Source material:
= = = =

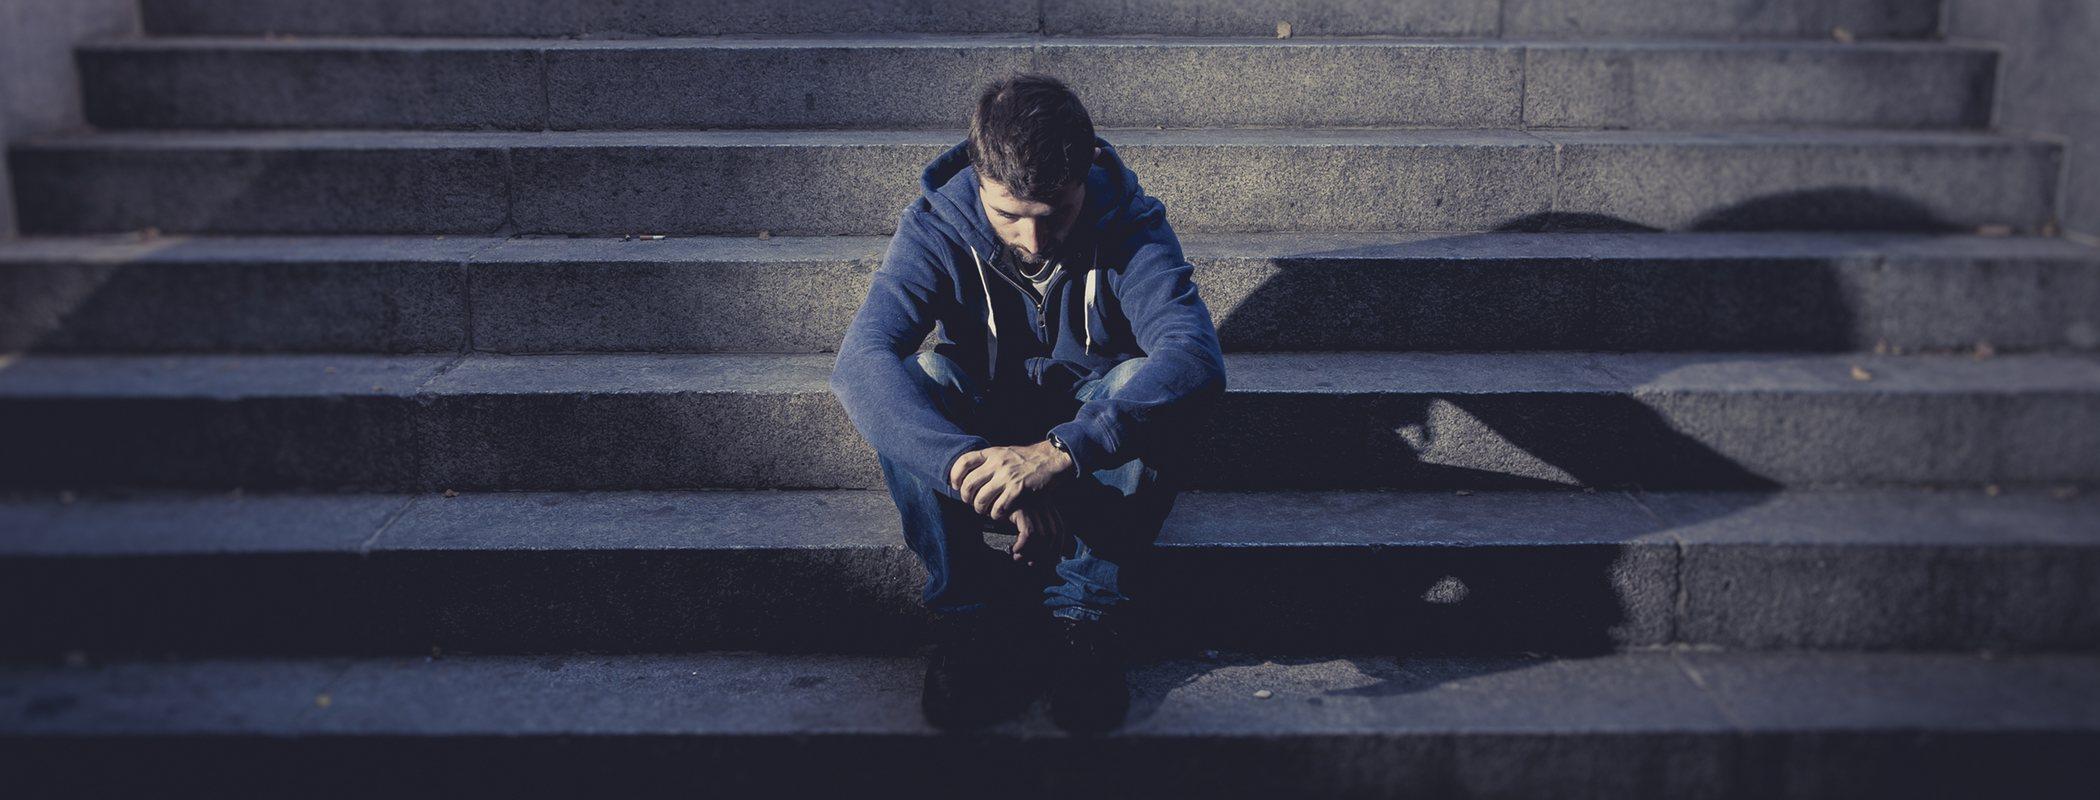 Violaciones a hombres: la realidad de un crimen que a veces se vive en silencio
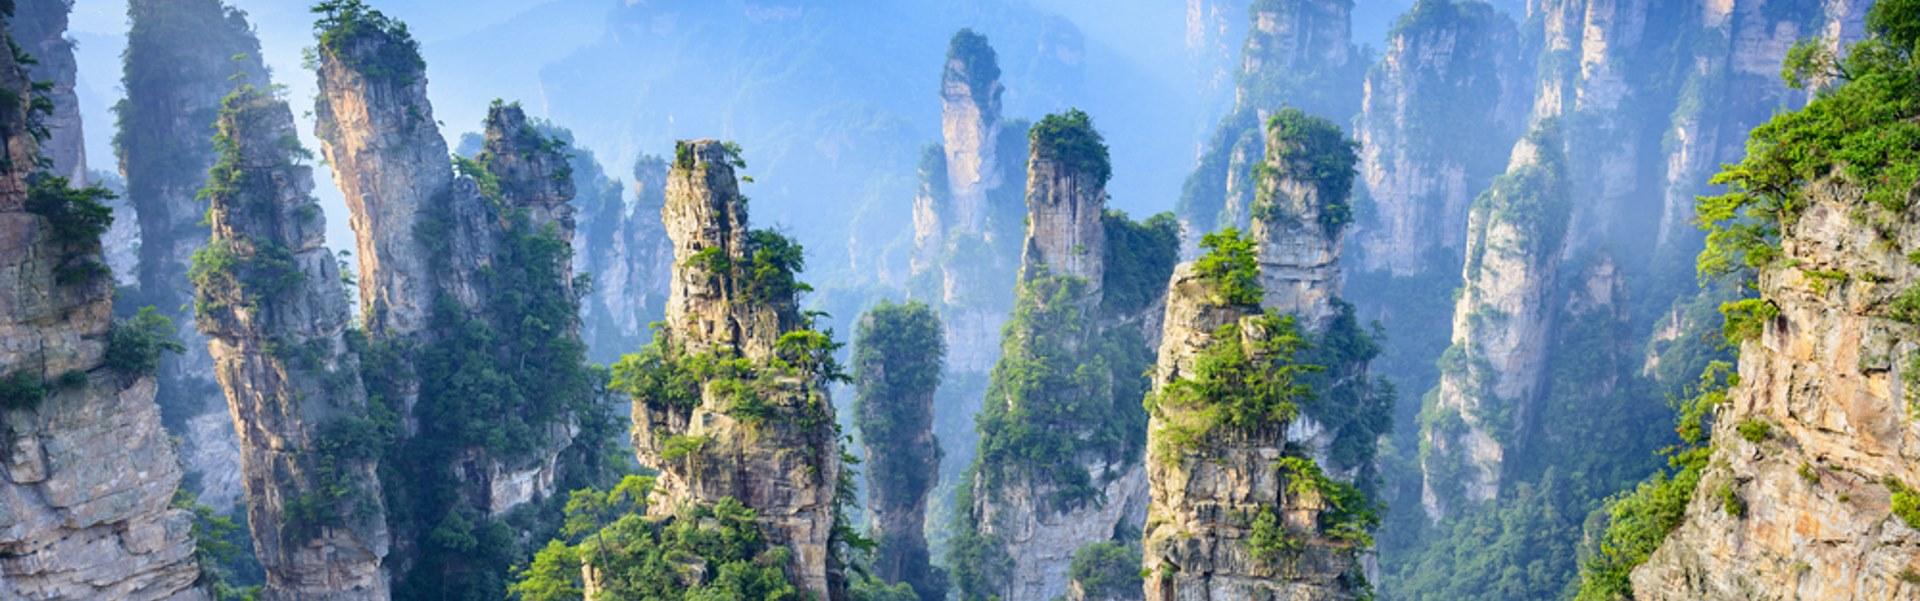 Towering pillars of Zhangjiajie National Forest Park China
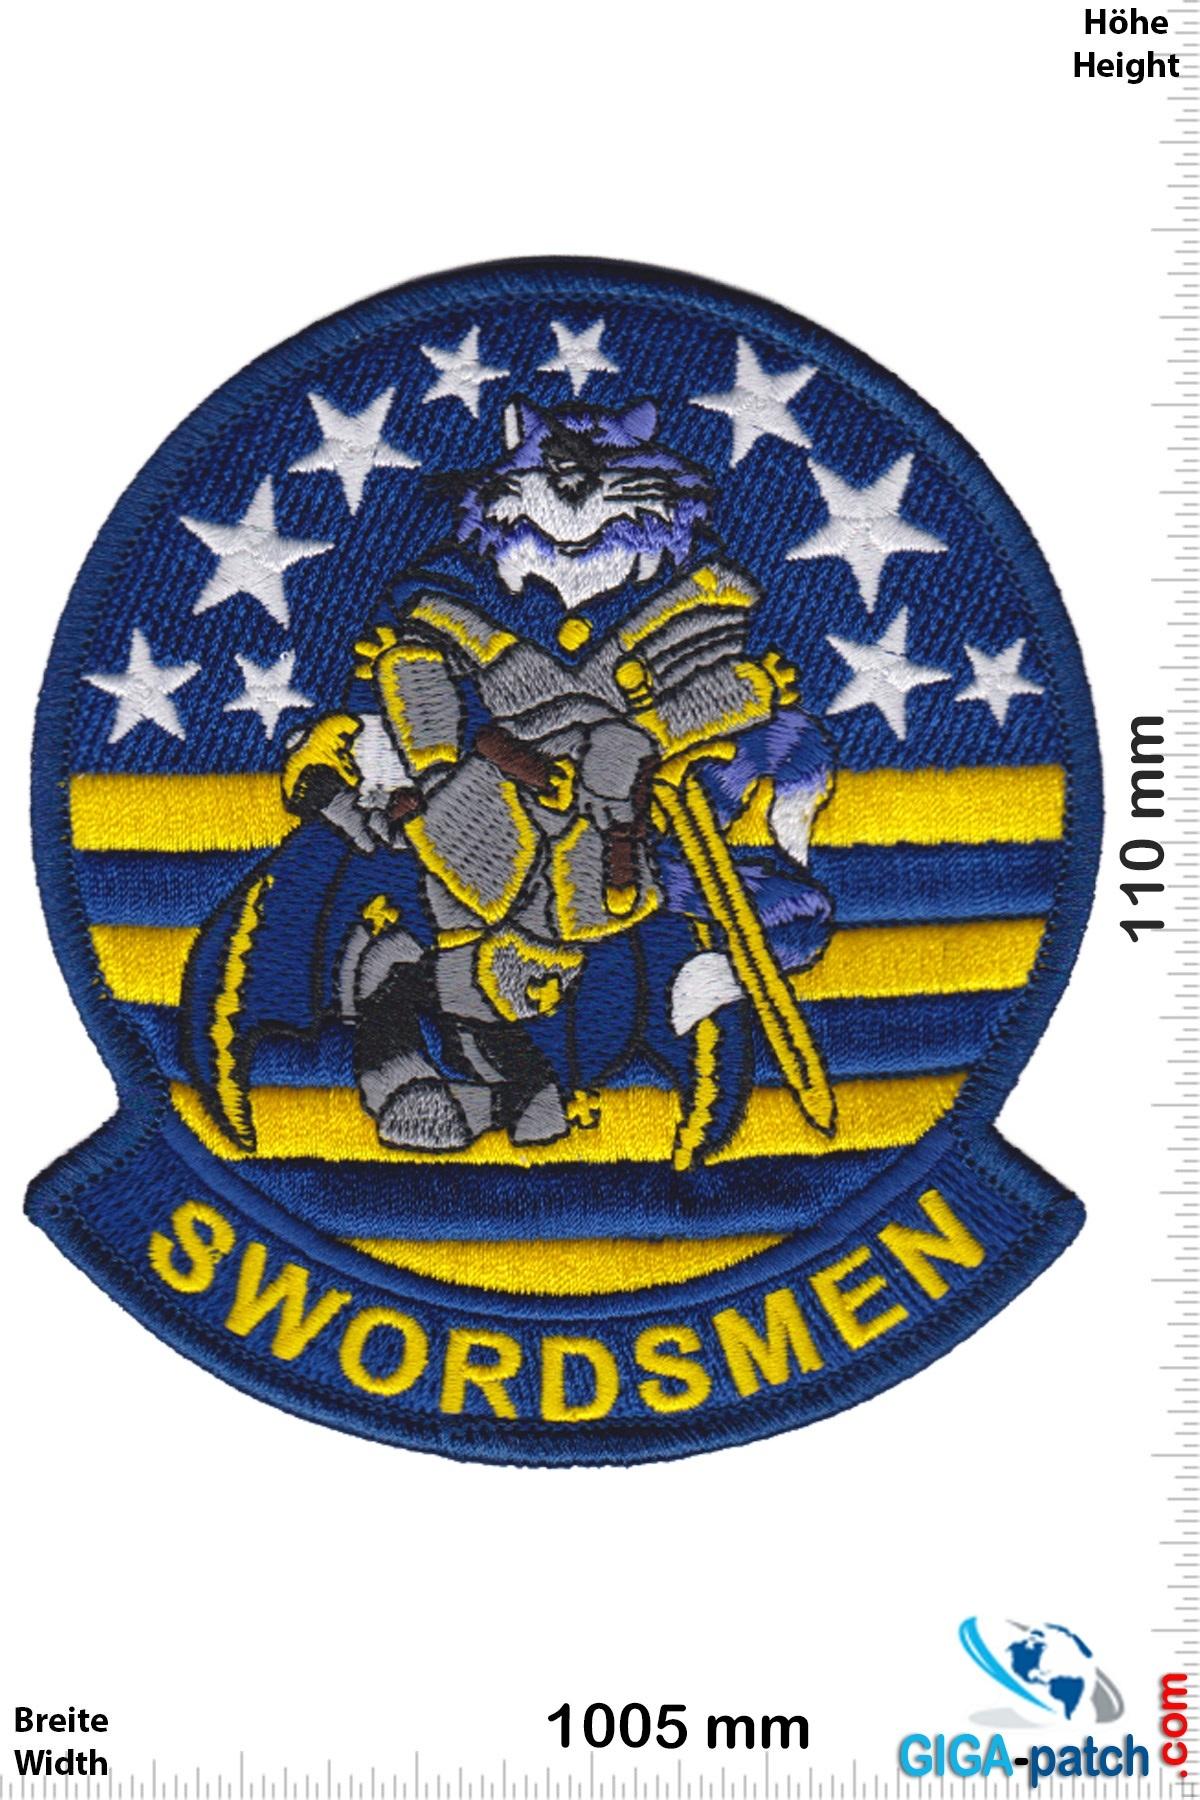 U.S. Navy USN VF-32 SWORDSMEN TOMCAT F-14 - HQ

= = = =

Directions for this task: From the first line to the last, reproduce the listing above exactly, leaving the pictures out.

Written solution:
 Violaciones a hombres: la realidad de un crimen que a veces se vive en silencio
 Towering pillars of Zhangjiajie National Forest Park China
 U.S. Navy USN VF-32 SWORDSMEN TOMCAT F-14 - HQ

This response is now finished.